12.5 Meeting-note reference trigger

• CalendarMirror.attendees — new nullable TEXT column (Alembic c9d1e3f5a7b2), JSON-encoded list[{name, email}]. Populated end-to-end from Google Calendar's items[i].attendees via _parse_event (displayName preferred, email local-part fallback) and _update_mirror (JSON on upsert).
• MeetingEndPoller — long-running asyncio task. Per cycle:

  SELECT event_id, user_id, calendar_id, summary, start_time, end_time, attendees
  FROM calendar_mirror
  WHERE datetime(end_time) BETWEEN datetime('now', ?) AND datetime('now')
    AND user_id = ?
    AND event_id NOT IN (
        SELECT json_extract(metadata_json, '$.calendar_event_id')
        FROM memory_documents
        WHERE source_type = 'vault'
          AND json_extract(metadata_json, '$.type') = 'meeting'
    )
  

  The first parameter is f"-{config.lookback_minutes} minutes". json_extract is used over ->> for SQLite version tolerance. Per hit, emit meeting_end_detected and dispatch sequentially.

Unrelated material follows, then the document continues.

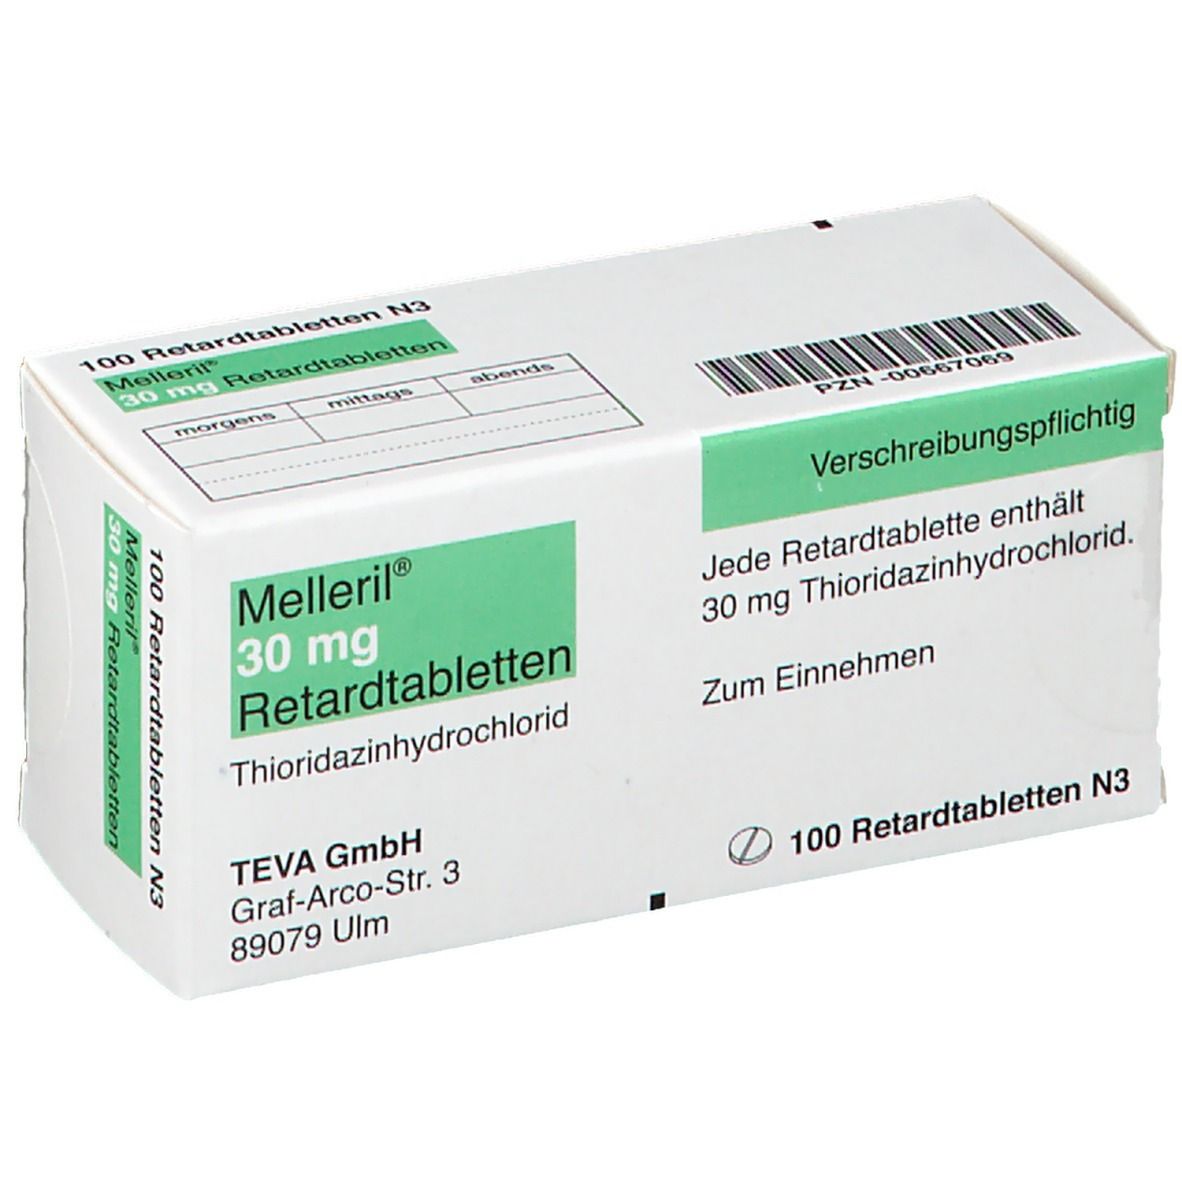 Melleril® 30 mg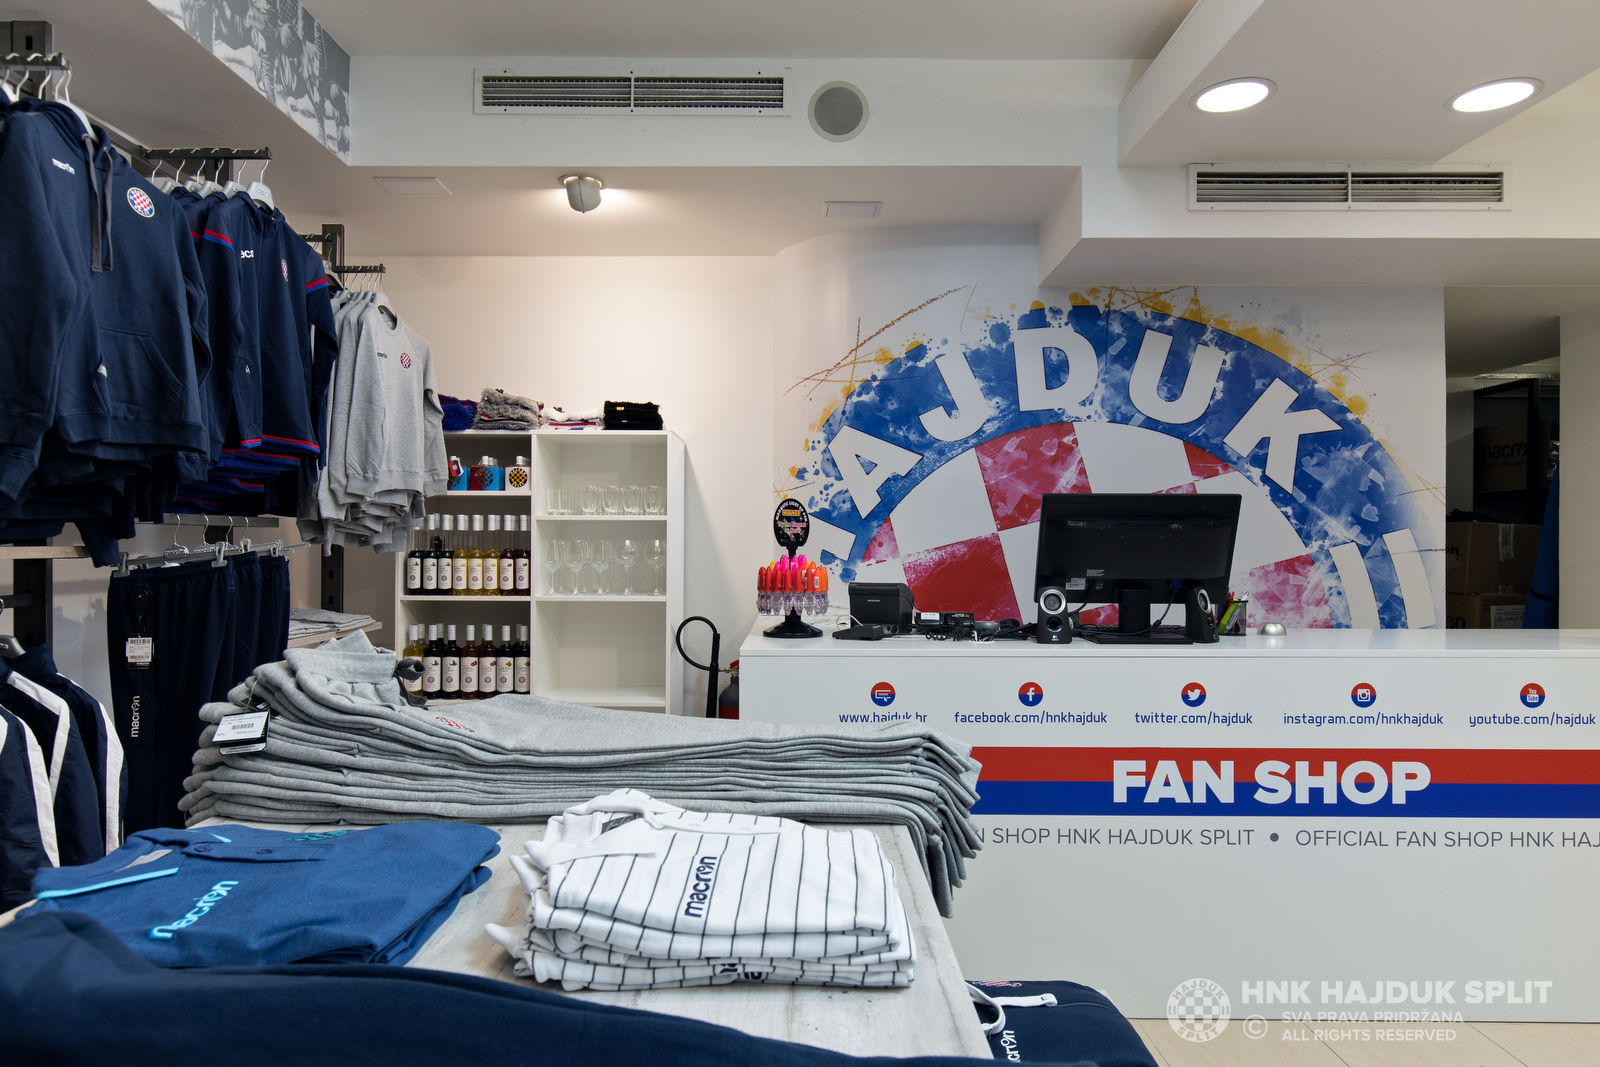 New Hajduk Fan Shop in the city centre! • HNK Hajduk Split

Per-hit exceptions are logged as meeting_end_dispatch_failed and the loop continues.
• MeetingNoteSkill — composes context: parse event.attendees JSON; resolve each to a wikilink via resolve_person_link; fire three concurrent memory_store.search calls (sources=["vault"] for prior meetings, post-filtered in Python on metadata.type=='meeting'; sources=["chat"]; sources=["task"]), each capped by context_limits; compute target_path = f"Meetings/{event.start_time:%Y-%m-%d}-{slugify(event.summary)}.md"; set idempotency_key = event.event_id; delegate to MemoryInformedWriter.run.
• draft_meeting_note task type — routed to reasoner in config/donna_models.yaml; prompt at prompts/skills/draft_meeting_note.md.j2; schema at schemas/draft_meeting_note.json (summary: str, action_item_candidates: list[str], open_questions: list[str], links_suggested: list[str]).
• Vault template at prompts/vault/meeting_note.md.j2 — emits type: meeting, calendar_event_id, event_start, event_end, attendees, idempotency_key, autowritten_by: donna, autowritten_at in frontmatter; body has Attendees (with resolved wikilinks), Agenda, Summary (LLM), Action Items, Decisions, Open Questions, and Related (prior meetings + open tasks + suggested links).

12.6 Observability

• Invocation log: every draft_meeting_note call logs via the standard router path — task_type=draft_meeting_note, model_alias=reasoner, non-zero tokens_in / tokens_out / cost_usd. This is a paid cloud call, in contrast to the local embedding rows described in §8.4.
• Structlog events: meeting_end_detected, meeting_note_written, meeting_note_skipped_idempotent, vault_autowrite_failed, plus meeting_end_poller_start, meeting_end_poller_cancelled, meeting_end_poller_cycle_failed, meeting_end_dispatch_failed for poll-loop health.
• Grafana: docker/grafana/dashboards/memory.json has a "Template writes" row — writes-by-template timeseries, idempotent-skip-rate stat, draft_meeting_note cost timeseries, autowrite-failure count.

12.7 Closed loop

Autowritten meeting notes land in Meetings/ inside the vault, which VaultSource (§9) is already watching. On the next watch cycle the new note is ingested into memory_documents / memory_chunks with metadata_json.type = "meeting" and metadata_json.calendar_event_id = <event_id>, and future memory_search calls retrieve it as a prior meeting for related events — so Donna's own writes become memory without any slice-specific plumbing.

12.8 Out of scope (slice 15)

• Four other templates (weekly review, person profile, commitment log, daily reflection) — slice 16.
• Auto-creation of People/{name}.md stubs — slice 16 (person-profile skill).
• Audio transcription / real meeting summaries — separate future work; the scaffold is a nudge, not a transcript.
• Re-rendering an already-written meeting note when the calendar event changes — slice 16+.
• Supabase sync for the new attendees column or template-write metadata — slice 17.
• Cross-user meeting notes / shared vaults.
• Per-skill cost-budget gating (the global cost guard from §4 + cost.daily_pause_threshold_usd applies).